A man, burdened by severe leg injuries, sits at the front. He has his documents with him, a picture of his bloody leg with a large gash down to the bone. He’s a bricklayer and badly injured his leg in a fall. Despite a great many operations the injuries are still there. The employer says the accident is his own fault, even though he was following orders. Now he’s scared he won’t be able to work again – and of being forced to return home without any compensation. At the meeting he makes contact with his country’s embassy and listens to a lawyer who tells him about workers’ legal rights.
”There is a tremendous need for help,” says one representative from BWI. He has been active in the region for a long time and is now working together with the organisers.

In many cases the Nepalese workers, who are the lowest paid, are the worst affected.
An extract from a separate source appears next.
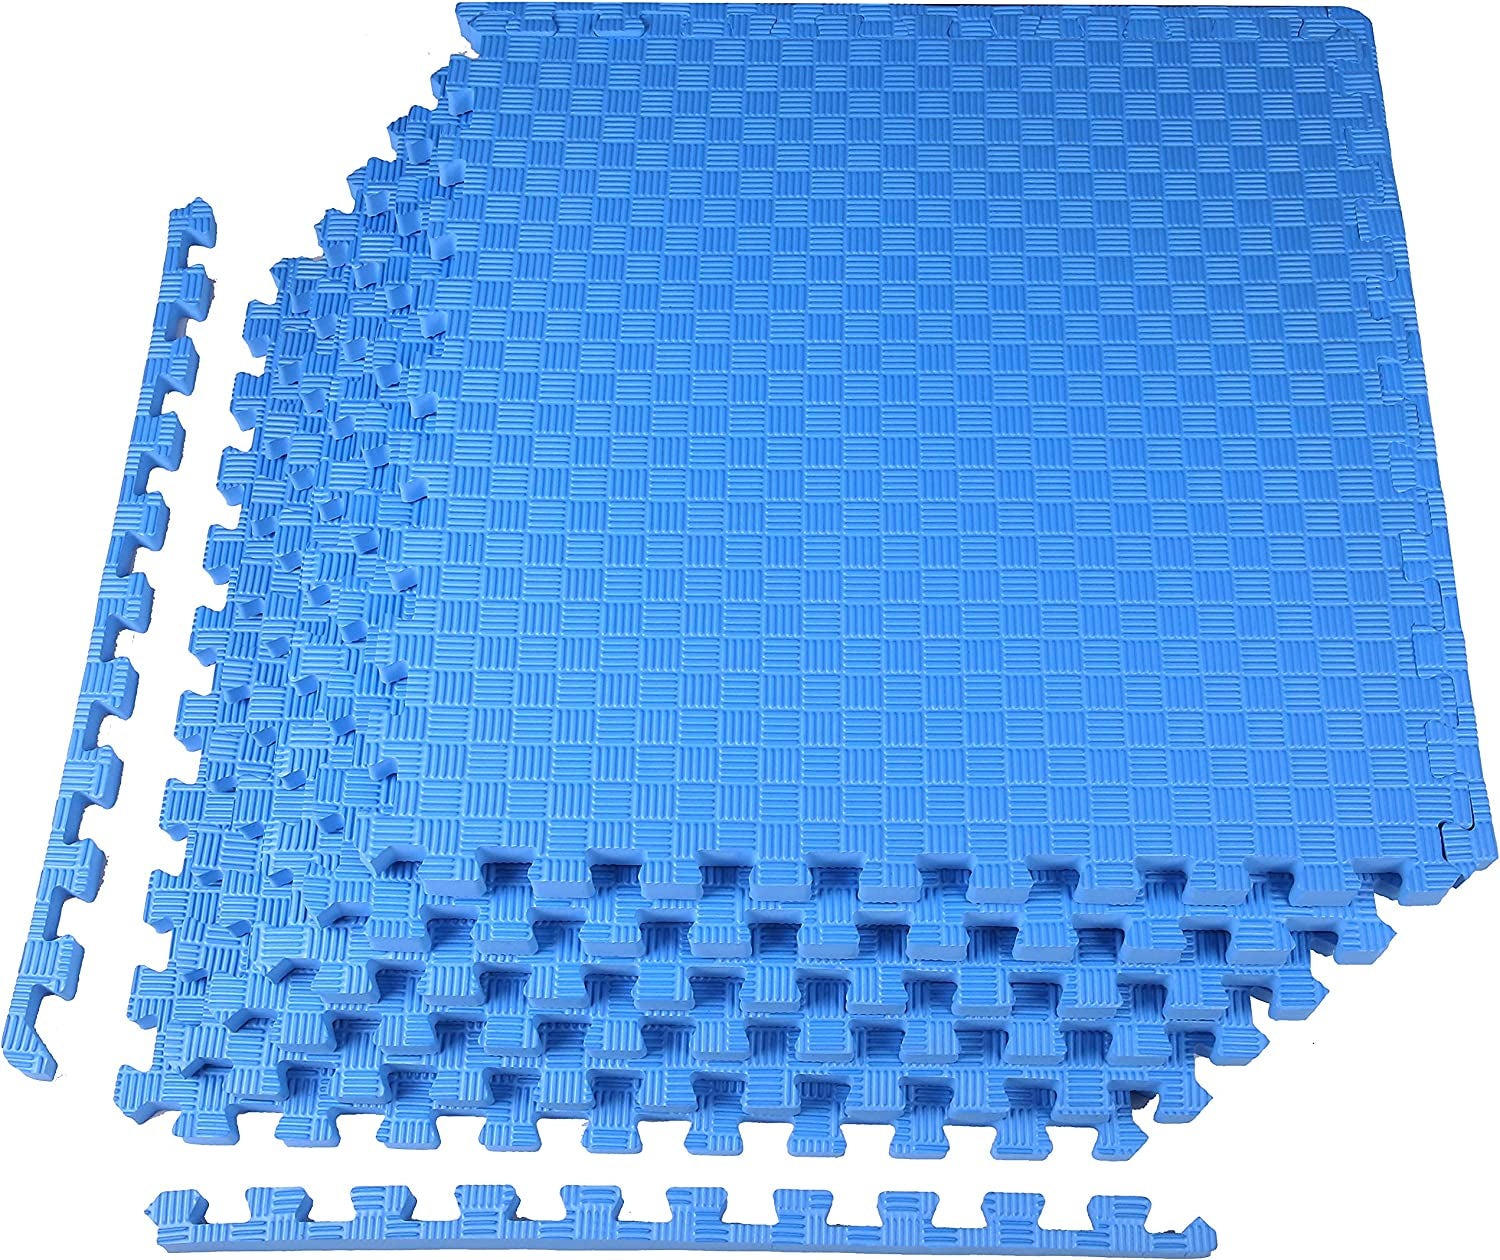 Balancefrom 24 Square Foot Puzzle Exercise Mat with EVA Foam Interlocking Tiles for Exercise, Gymnastics, and Home Gym Protective Flooring, Multicolor

Organiser Krishna discovers a lot of problems among his countrymen. One of the worst stories he heard was that of a family who had to wait 22 months for the body of a Nepalese construction worker who died in an accident.
Krishna has been a policeman, security guard and worked as a migrant in Qatar.”I’ve been cheated myself, so I want to stop others from suffering,” he says.
Juan says that he is driven by a desire to bring about change.
”The wonderful stadiums are the result of workers’ blood, sweat and tears. During the Fifa World Cup, television viewers will see a beautiful green paradise – but that hides a shocking truth of low wages and terrible conditions.”

Note: Some of the names in the article has been changed.